In 1766, he built the Church of Faneromeni in Aigio. During the Orlov Revolt, while in Aigio, he raised the flag of the revolution, expelled the Ottomans from the city, and then campaigned against Kalavryta. The abbot of Mega Spilaio, carrying a cross and accompanied by monks, managed to break the siege of the city. They entered the city, rescued the Turkish families along with their sacred relics, and safely transported them to the Gulf of Crissia or the Gulf of Itea. For this assistance, the Sultan honored Mega Spilaio by granting it a permanent guard of honor from Albanians, and Kalavryta faced no adverse consequences.

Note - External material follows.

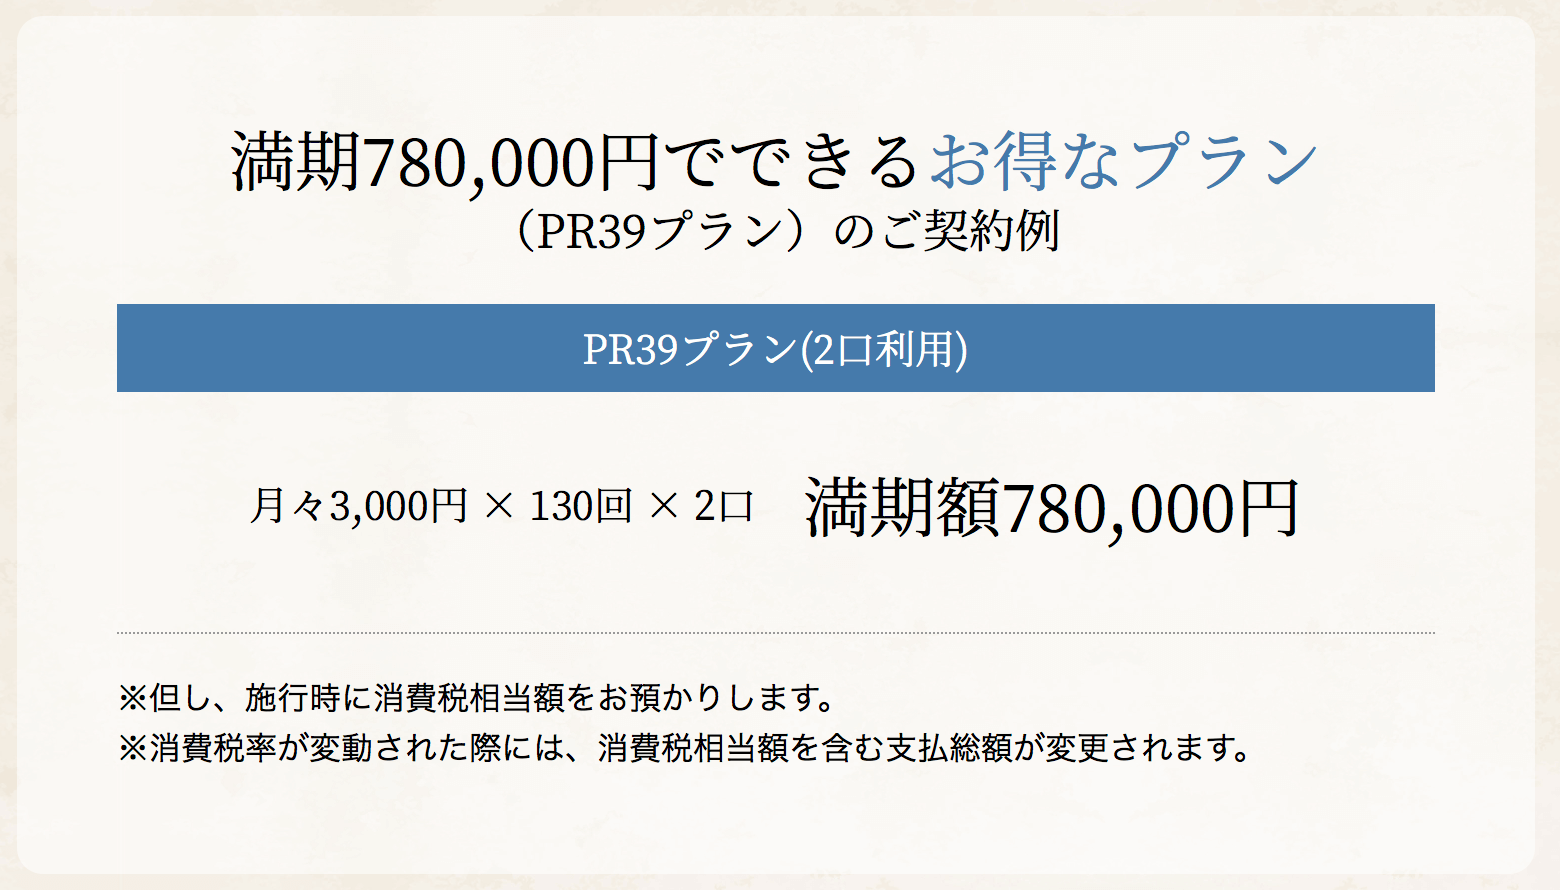 PR39プラン×2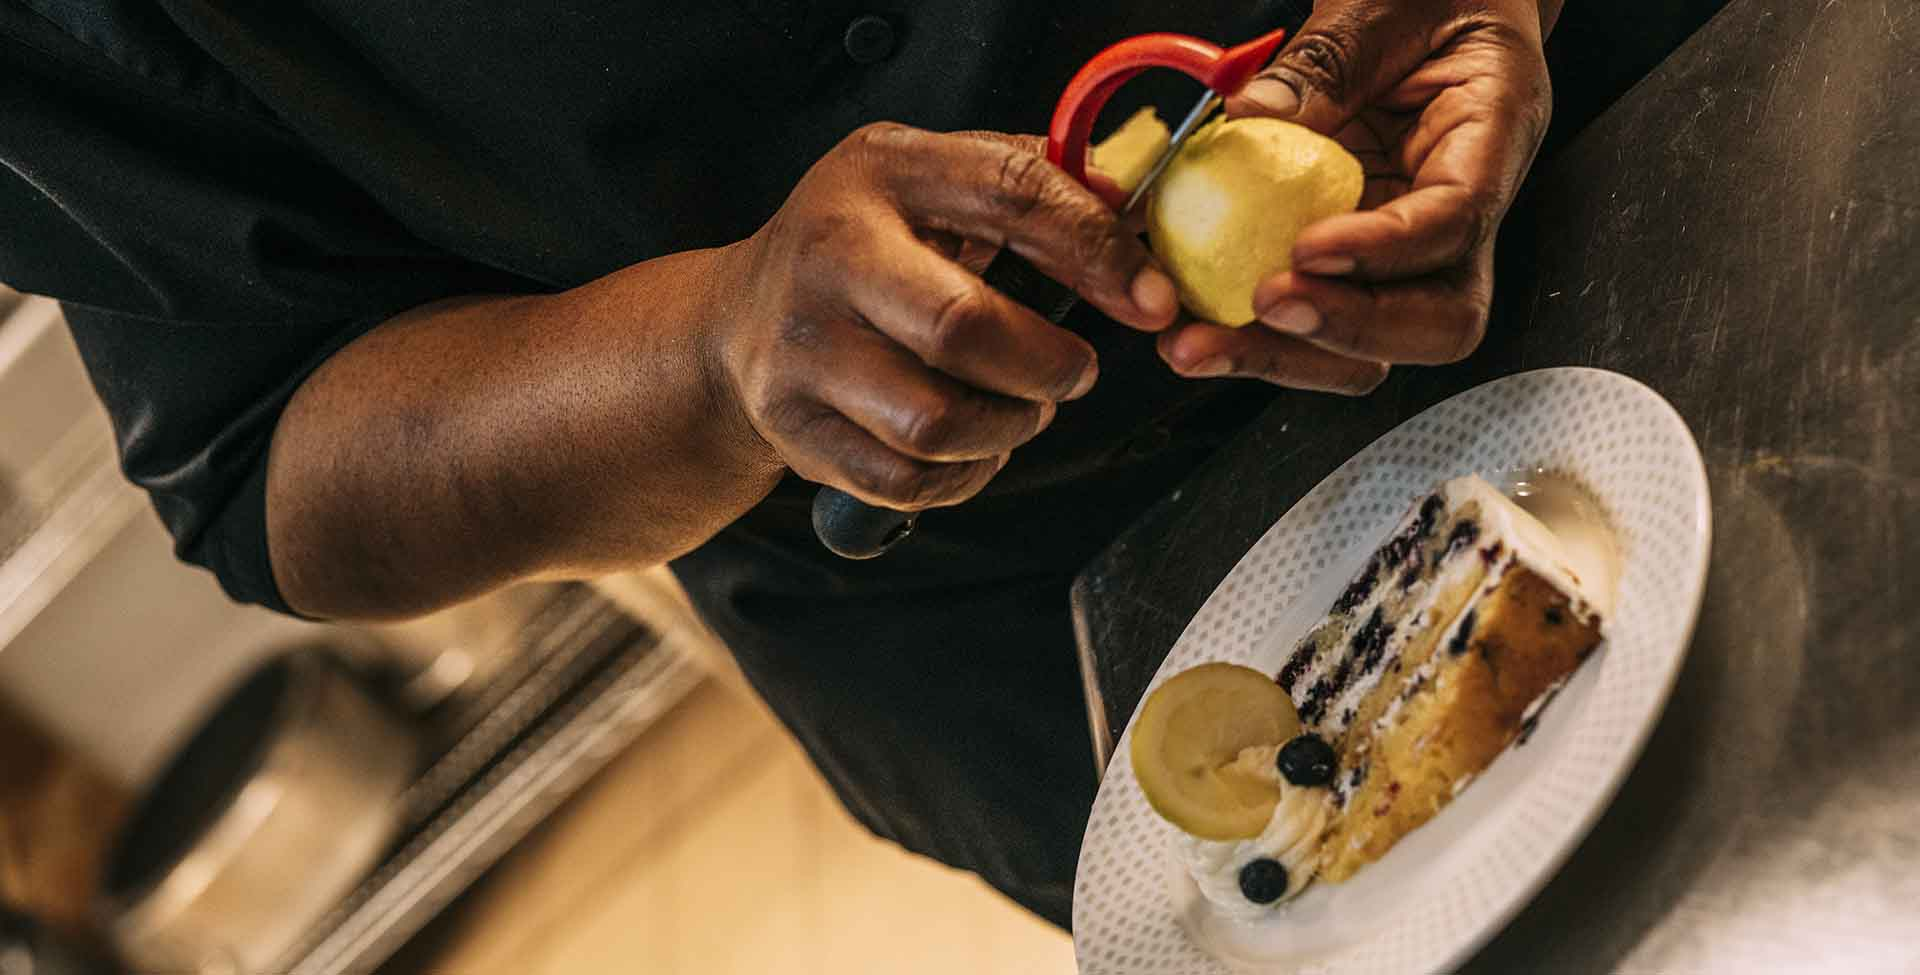 chef peeling fruit

After the failure of the revolution, Parthenios fled first to Zakynthos under the protection of the Russian fleet and later to Saint Petersburg, where he sought refuge at the court of Catherine the Great. The Tsarina granted him some land for his livelihood, as he could not return to his position due to his deposition.

He died in 1786 and was buried in the Donskoy Monastery in Moscow, where his tomb still exists today.

==Sources==
- Στέφανος Θωμόπουλος, Ιστορία της πόλεως των Πατρών, Τόμος Α΄, έκδοση τέταρτη, Αχαϊκές εκδόσεις 1998, ISBN 960-7960-10-6.

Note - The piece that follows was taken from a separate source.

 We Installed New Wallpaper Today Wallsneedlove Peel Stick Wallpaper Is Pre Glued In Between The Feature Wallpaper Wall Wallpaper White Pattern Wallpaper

- Κ. Σάθας "Τουρκοκρατούμενη Ελλάδα - Ιστορία των Ελλήνων από την Άλωση ως το 21" τομ.4 Εκδ. Νέα Σύνορα - Α. Α. Λιβάνη Αθήνα 1995, τ.4ος, σ. 12.
- Μιχαήλ Β. Σακελλαρίου, Η Πελοπόννησος κατά την δεύτερην Τουρκοκρατίαν (1715–1821), Αθήνα 1939, επανέκδοση 2000.
- Κώστας Τριανταφύλλου, Ιστορικόν λεξικόν των Πατρών, Πάτρα 1995, 3η έκδοση.